## Task item
Drop the images. Copy every line below character for character.

## Given data
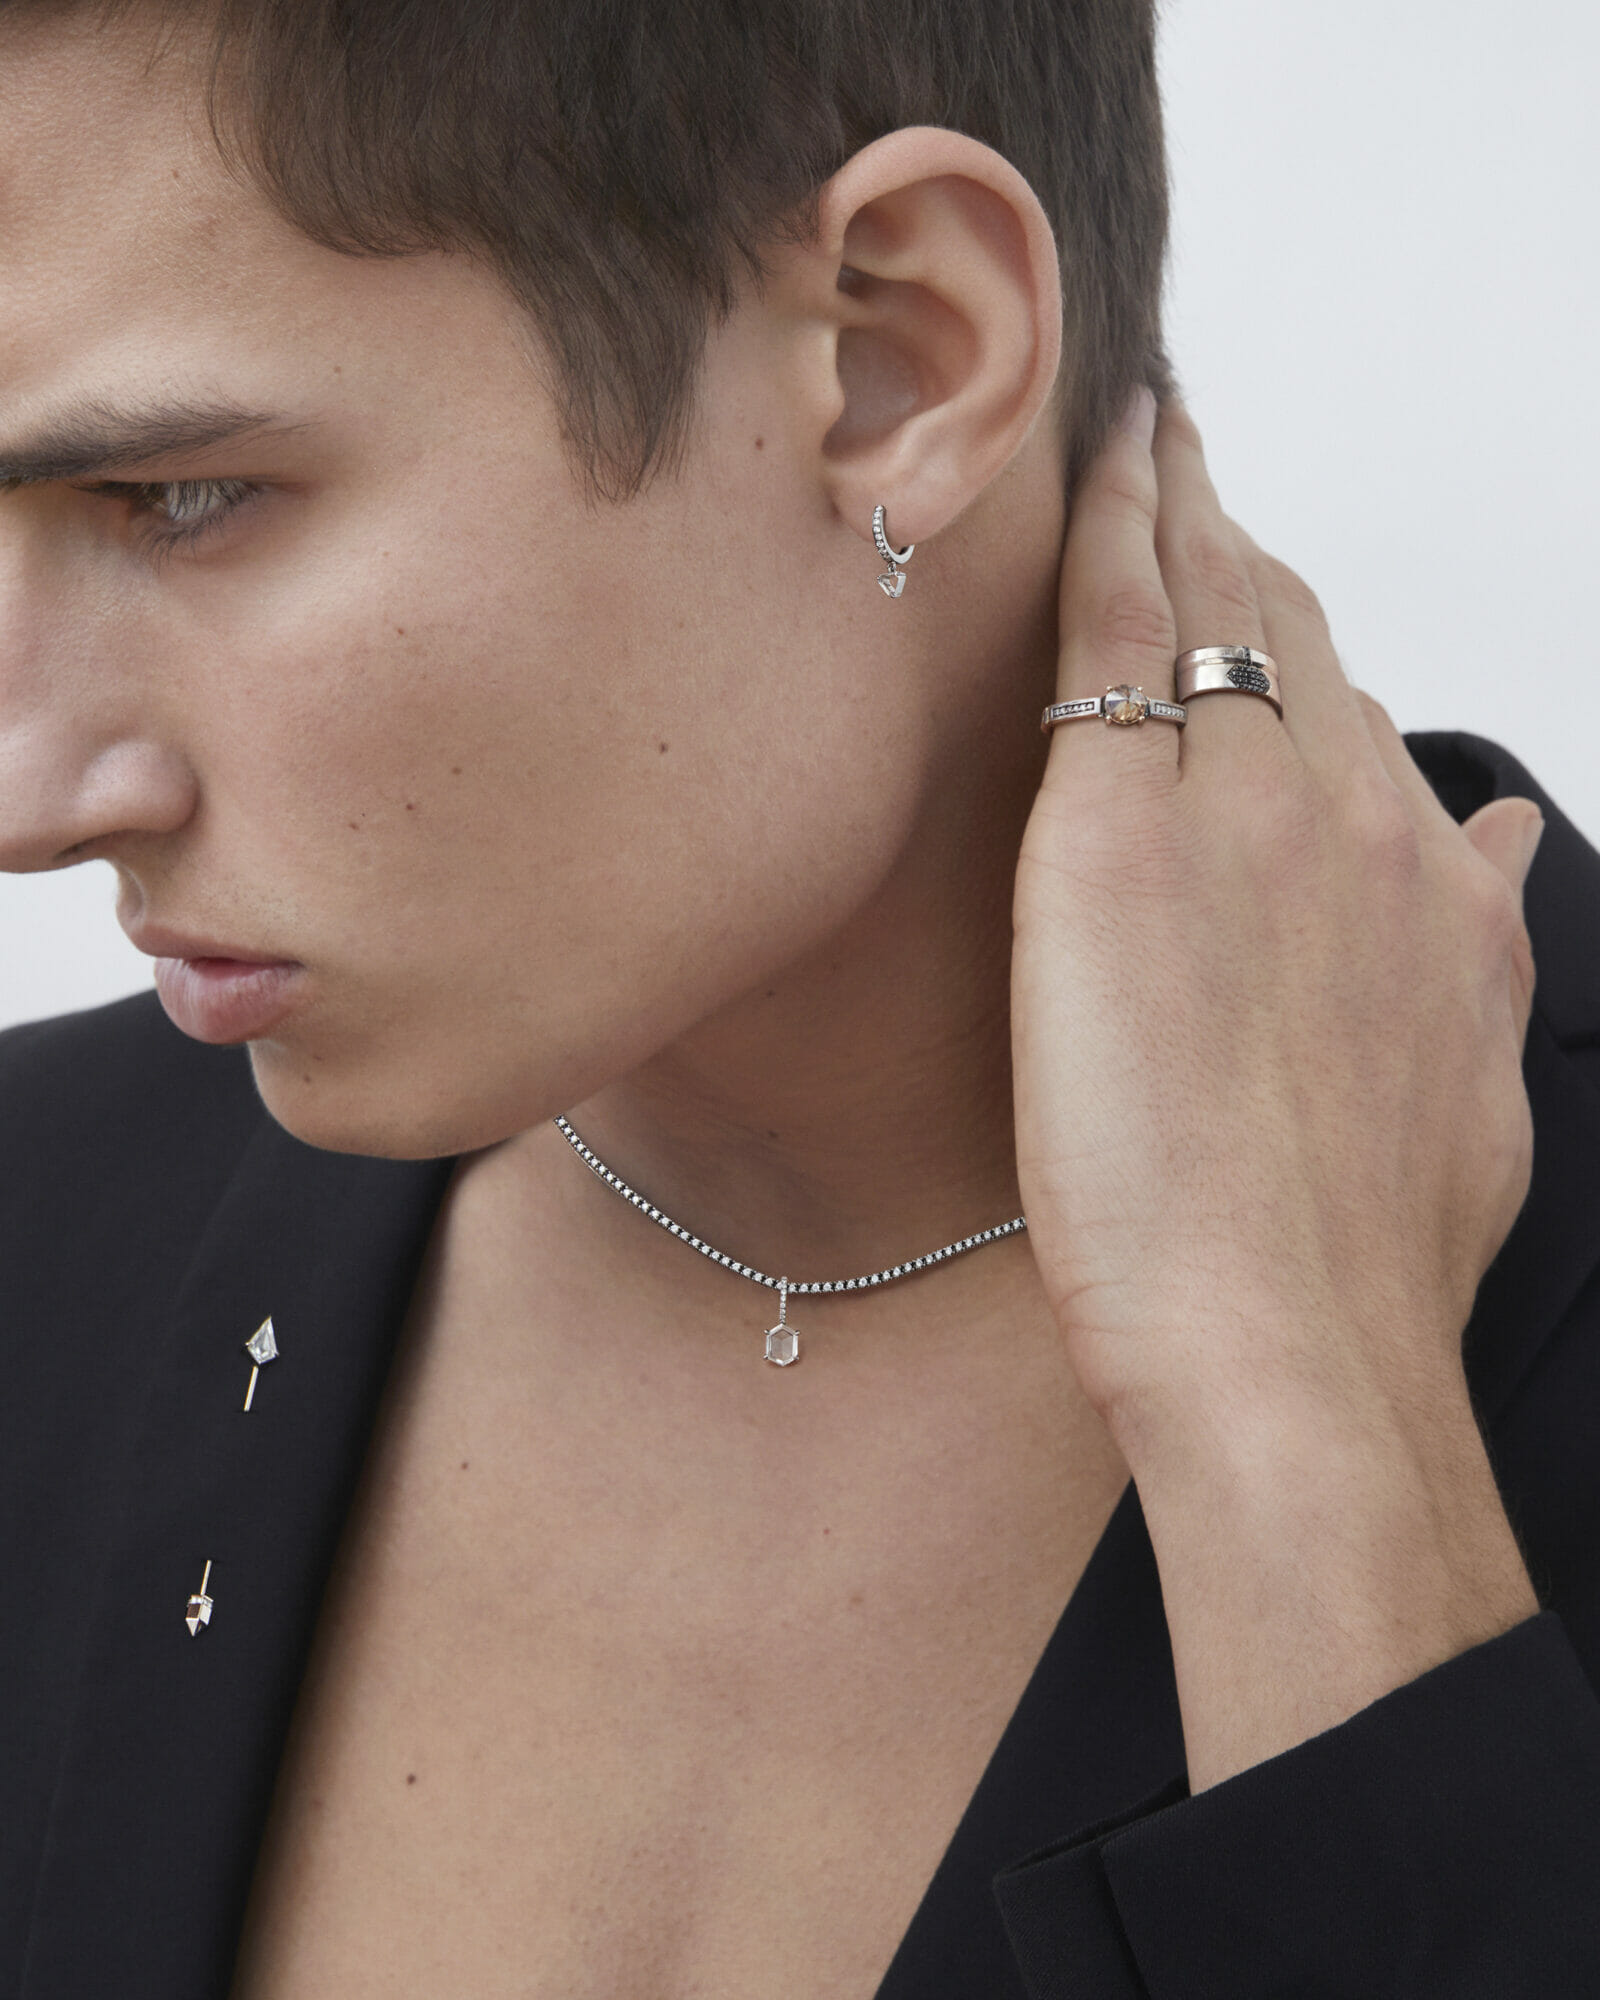 Gender neutral jewelry, man closeup, ring, necklace, earring
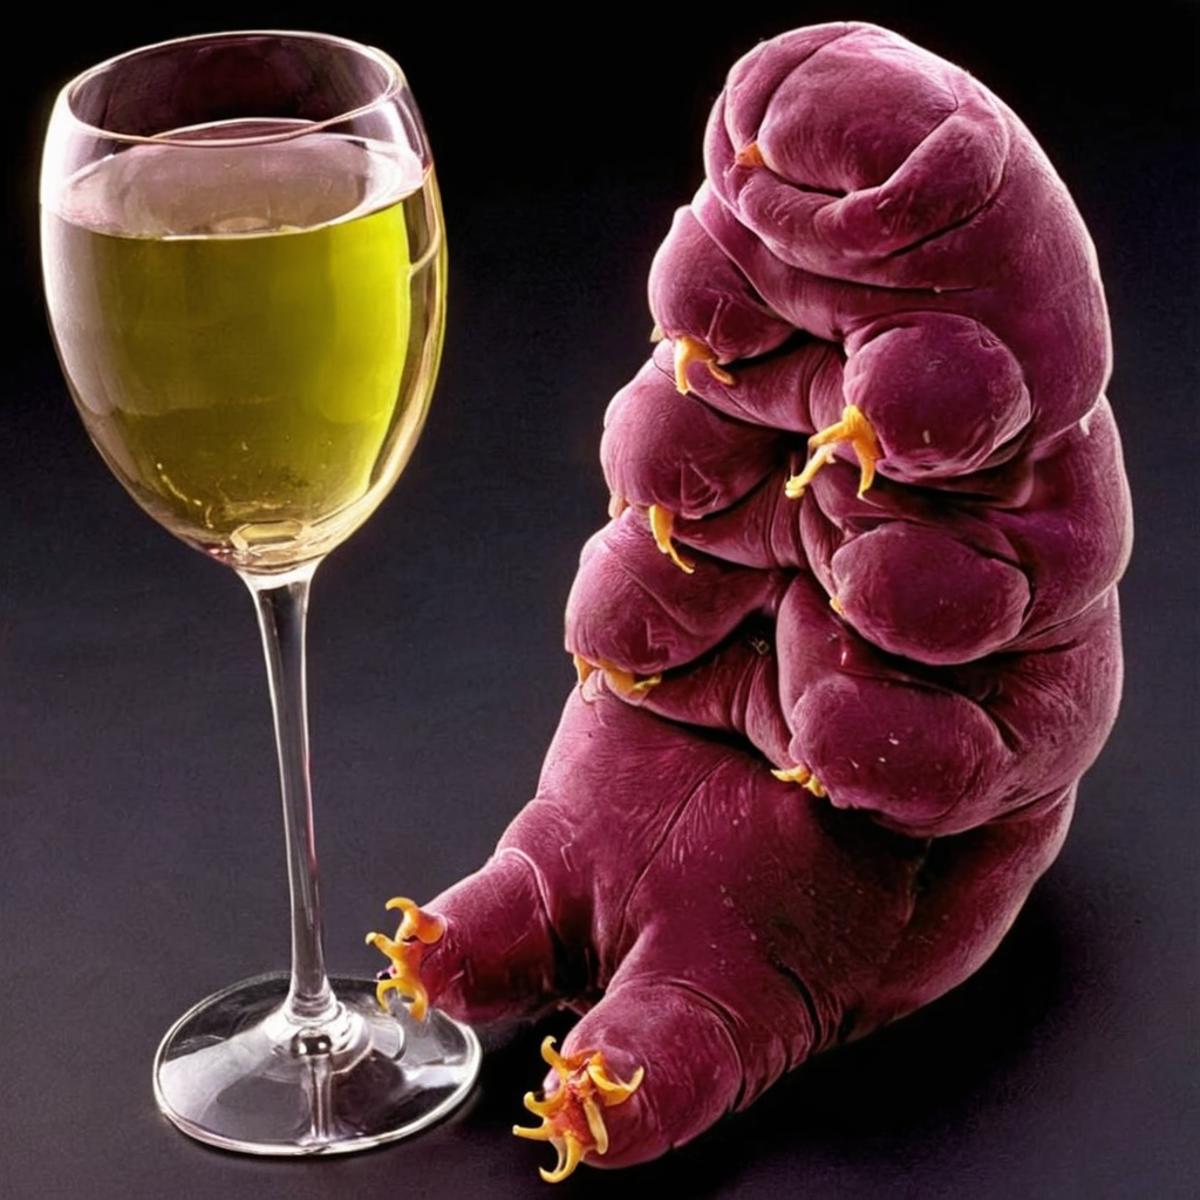 A purple creature with a glass of wine.
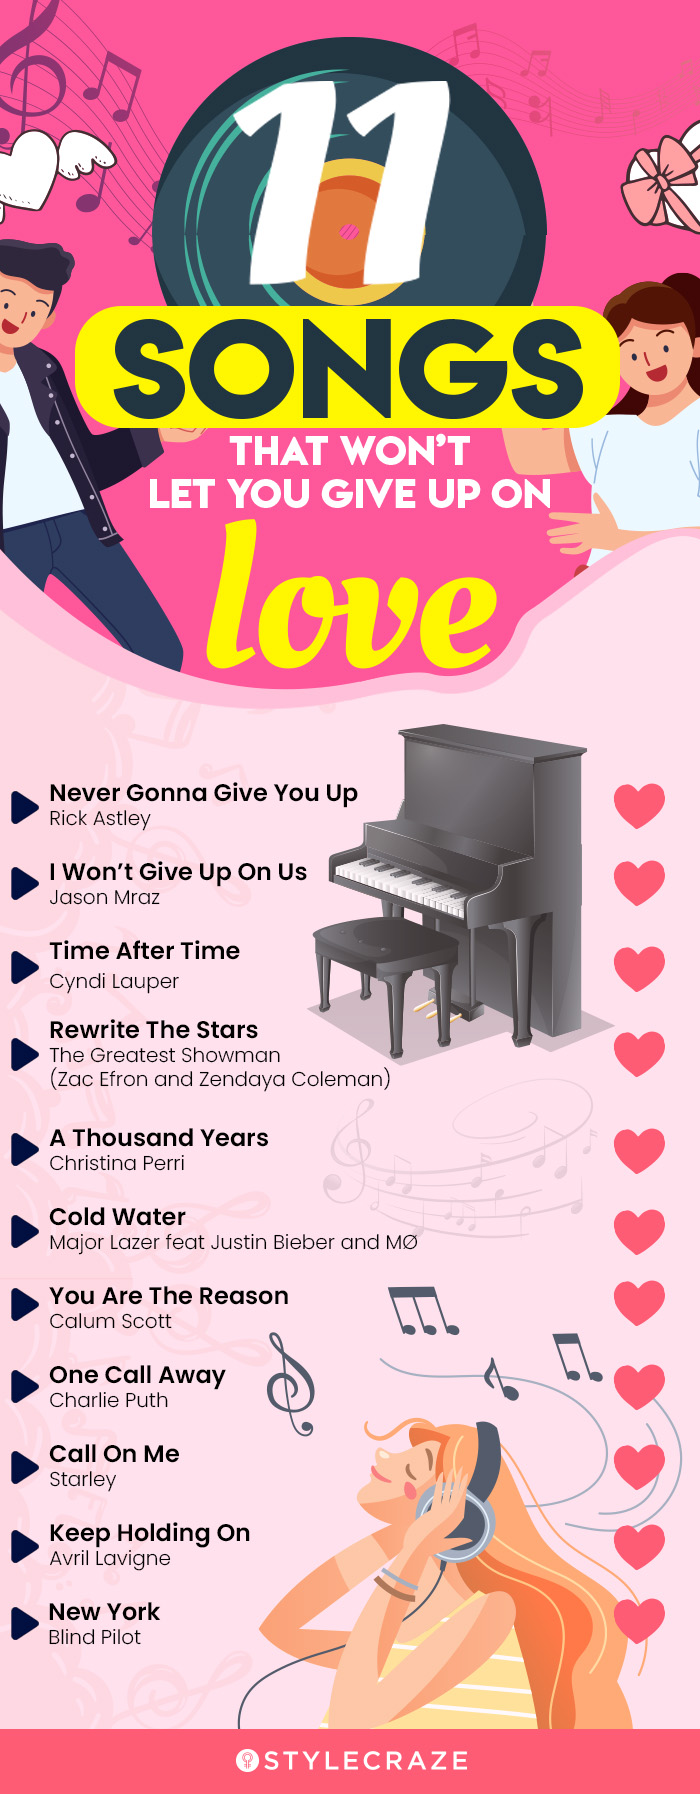 11 songs that won't let you give up on love (infographic)

## Answer below
 Gender neutral jewelry, man closeup, ring, necklace, earring
 A purple creature with a glass of wine.
 11 songs that won't let you give up on love (infographic)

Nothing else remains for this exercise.